**Aim of the exercise**
Pictures stay out of the copy, and everything else in the data below is repeated exactly.

**Provided material**
• • •

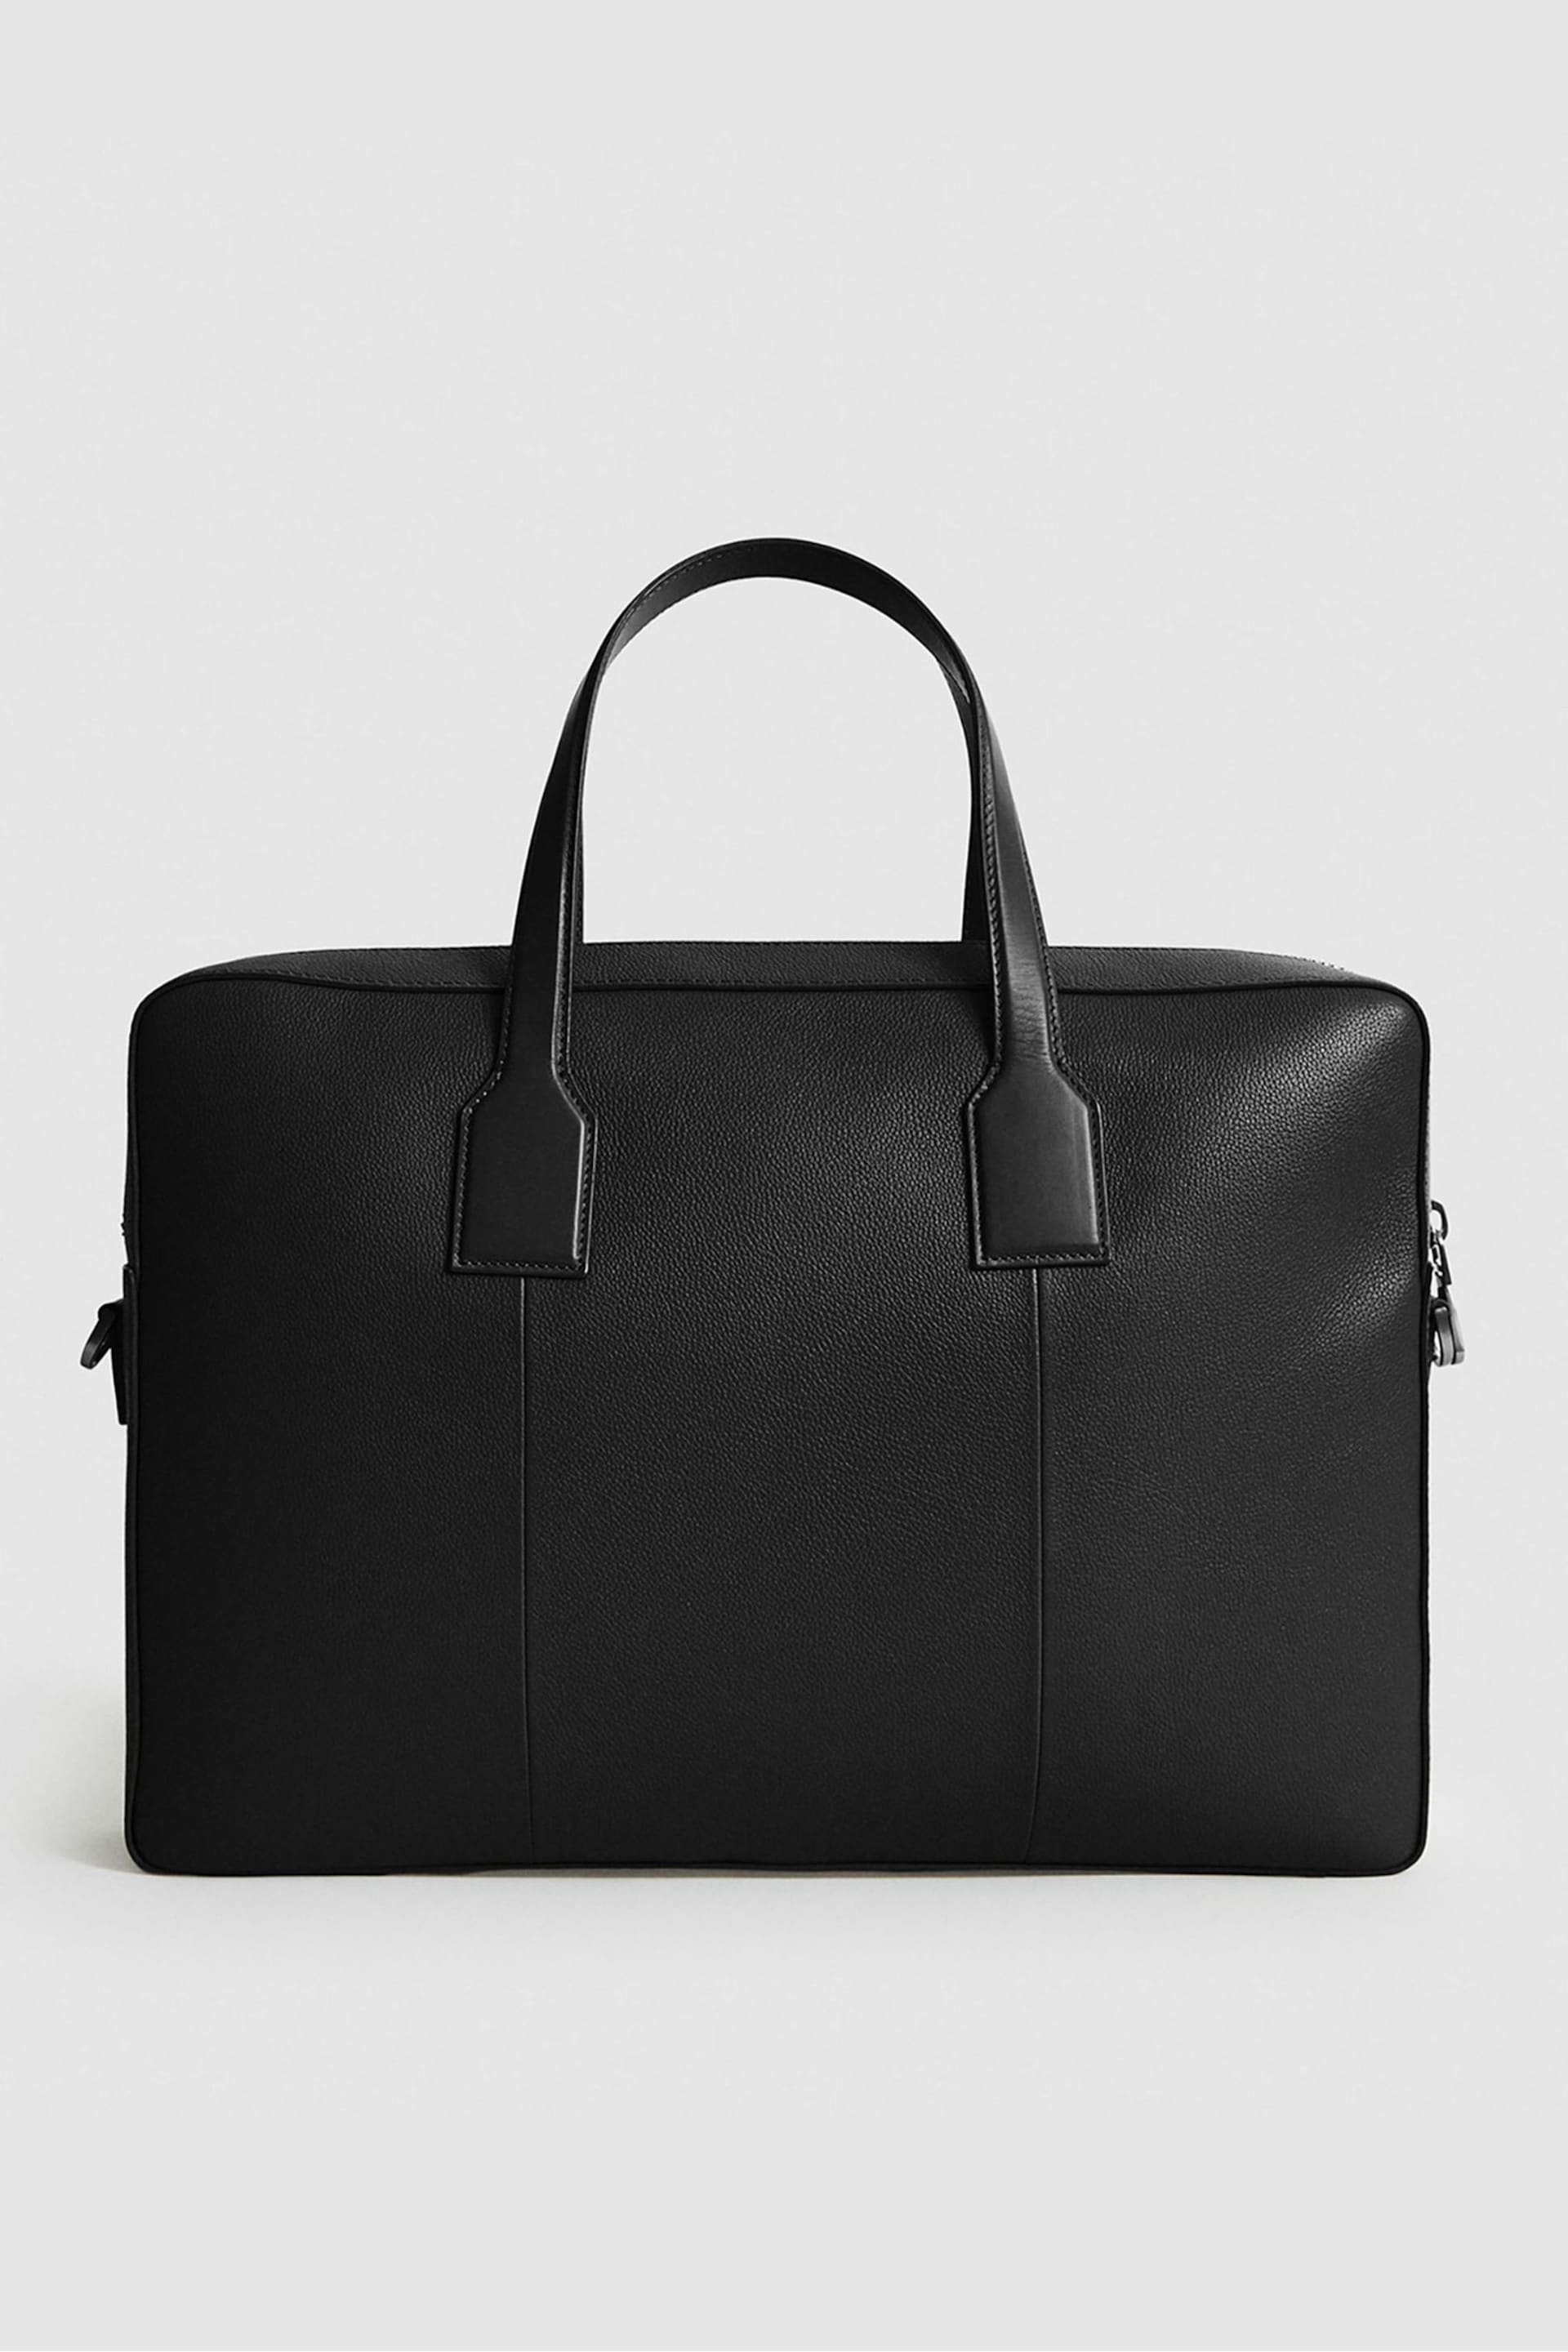 Reiss Black Elliott Leather Briefcase - Image 5 of 5
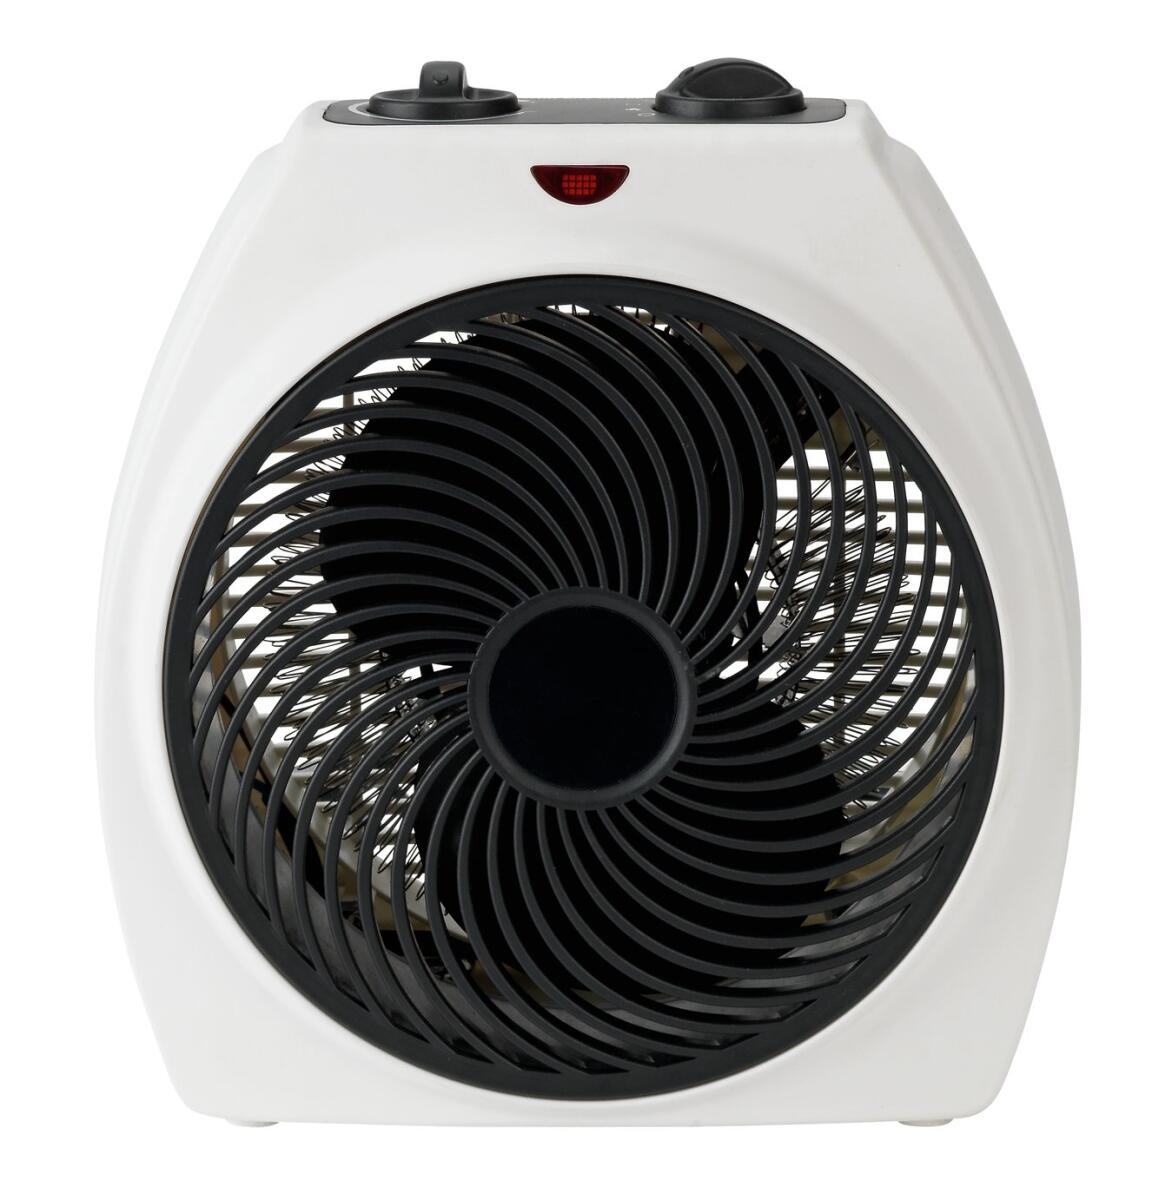 Simple Value 2kw Upright Fan Heater 499 Argos Hotukdeals for measurements 1172 X 1200
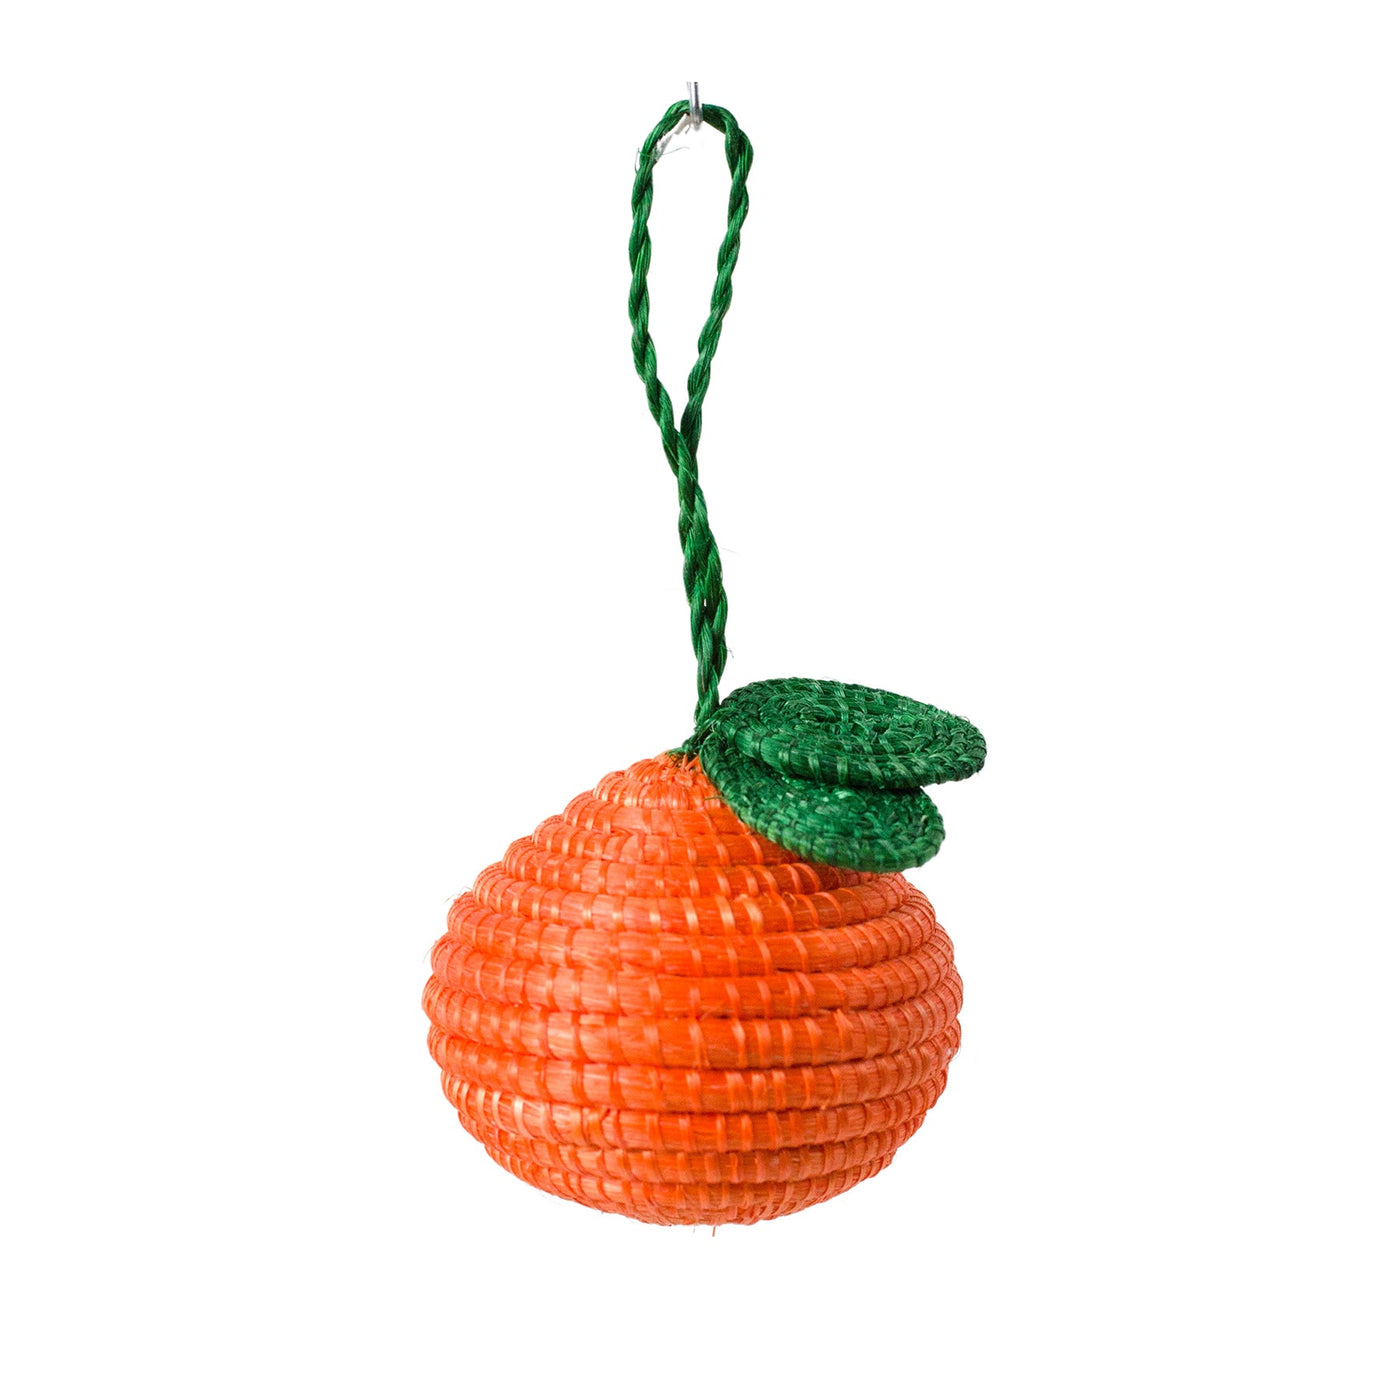 Tangerine Ornament

• • •

**Reply**
 Reiss Black Elliott Leather Briefcase - Image 5 of 5
 Simple Value 2kw Upright Fan Heater 499 Argos Hotukdeals for measurements 1172 X 1200
 Tangerine Ornament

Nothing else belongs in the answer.